In Maryland’s Montgomery County Public Schools, leaders amended the admissions process for four sought-after magnet middle schools. Under a new provision, the selection process favors high-achieving students who don’t attend school with a lot of other gifted peers.
As a result, high-performing Asian-American students, who tend to be concentrated in a small group of elementary schools, are less likely to be admitted while more Black and Hispanic students who attend schools spread across the district get in, the complaint said.
Finally, Pacific Legal represents Chinese Americans in New York City who say the district has limited their children’s opportunities to attend any of nine top-ranked high schools, such as Stuyvesant High, Bronx High School of Science and Brooklyn Technical High School. Students are admitted based on entrance exam scores, but in 2020, former Mayor Bill de Blasio increased the number of students considered for admission from low-income schools that predominantly serve Black and Hispanic students.
The plaintiffs appealed a lower court ruling in favor of the city to the 2nd Circuit Court of Appeals, where it awaits a decision.
‘Mere reflections upon race’
Joshua Dunn, executive director of the Institute of American Civics at the University of Tennessee, is among those who think that if district leaders aimed to reduce the number of white and Asian-American students admitted, their race-neutral policy might not pass constitutional muster under this Supreme Court.
The ruling in favor of Students for Fair Admissions, the advocacy group that sued Harvard and the University of North Carolina, “reinforces that racial balance can’t be the goal and the [Fairfax] board made it clear that’s what it was after,” Dunn said. “Bottom line, I don’t see how the appellate decision survives in light of the court’s ruling and the factual record.”
But others agree with the 4th Circuit, which said that texts or other statements expressing a desire to increase diversity aren’t enough to “inflict adverse effects” on a particular racial group. David Hinojosa, director of the Educational Opportunities Project at the Lawyers’ Committee for Civil Rights Under Law — which represented UNC before the court — called Pacific Legal’s argument an “extreme colorblind interpretation.”

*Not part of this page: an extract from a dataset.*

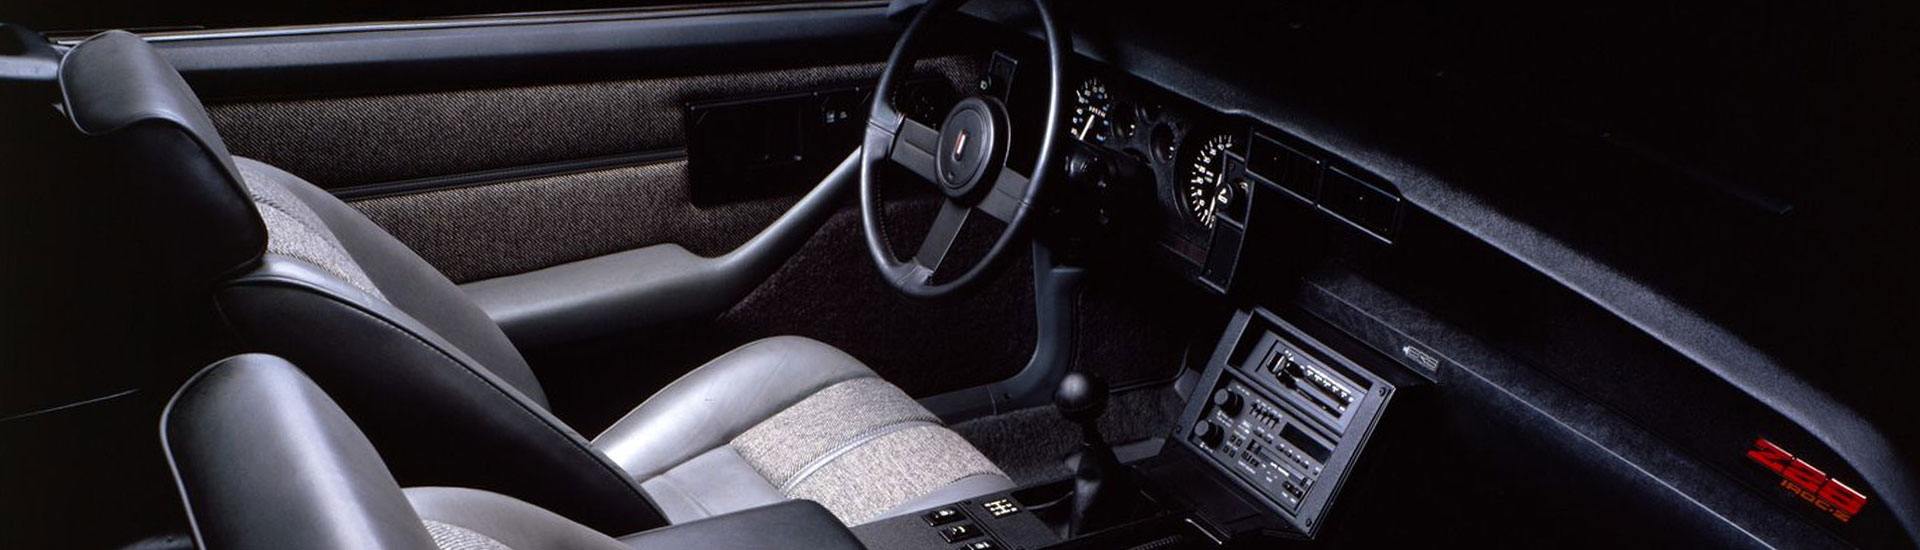 1988 Chevrolet Camaro Dash Kits

“Nowhere in the Harvard/UNC opinion does the court suggest that mere reflections upon race are unlawful,” he said.
Richard Kahlenberg, a non-resident scholar at Georgetown University’s McCourt School of Public Policy and an expert on integration, added that districts are on firm legal ground if their admission policies promote the selection of promising students who have shown determination despite poverty or other obstacles.
“Individuals are the sum of their unique experiences, challenges, and accomplishments,” he wrote. “What matters is not the barriers they face, but how they choose to confront them.”
Kahlenberg, who served as an expert witness on race-neutral policies for Students for Fair Admissions, suggests the court might take the TJ case to further clarify what schools can still do to increase diversity. But he added, “The high court does not have an appetite for going further and eliminating preferences based on socioeconomic status or geography.”